Trump Intel Chief: North Korea Learned from Libya War to “Never” Give Up Nukes
THE MEDIA IS NOW filled with headlines about North Korea’s missile teston Friday, which demonstrated that its ICBMs may be able to reach the continental U.S. What isn’t mentioned in any of these stories is how we got to this point — in particular, what Dan Coats, President Donald Trump’s director of national intelligence, explained last week at the Aspen Security Forum.
North Korea’s 33-year-old dictator Kim Jong-un is not crazy, said Coats. In fact, he has “some rationale backing his actions” regarding the country’s nuclear weapons. That rationale is the way the U.S. has demonstrated that North Korea must keep them to ensure “survival for his regime, survival for his country.”

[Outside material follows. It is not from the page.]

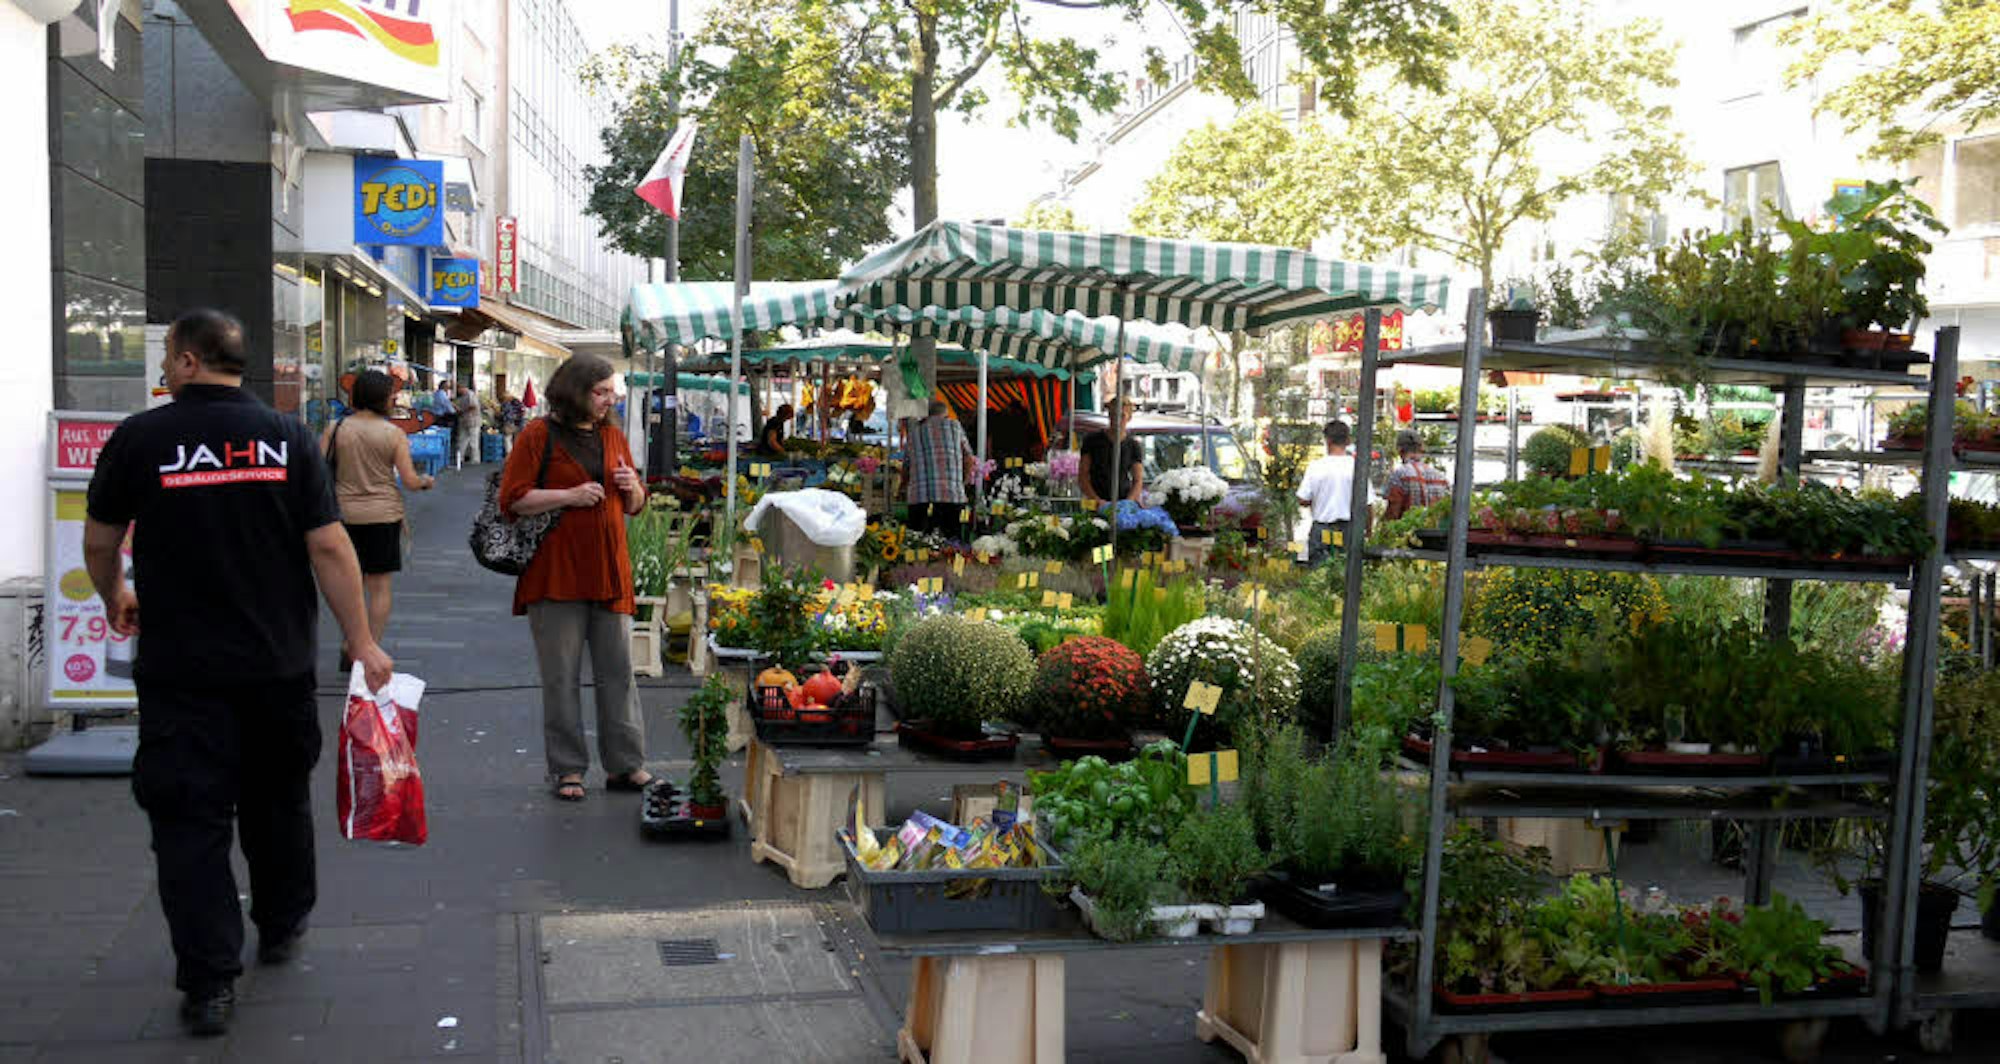 Wohl noch länger werden die Marktstände samstags an der Kalker Hauptstraße aufgebaut.

Kim, according to Coats, “has watched, I think, what has happened around the world relative to nations that possess nuclear capabilities and the leverage they have and seen that having the nuclear card in your pocket results in a lot of deterrence capability.” In particular, “The lessons that we learned out of Libya giving up its nukes … is, unfortunately: If you had nukes, never give them up. If you don’t have them, get them.”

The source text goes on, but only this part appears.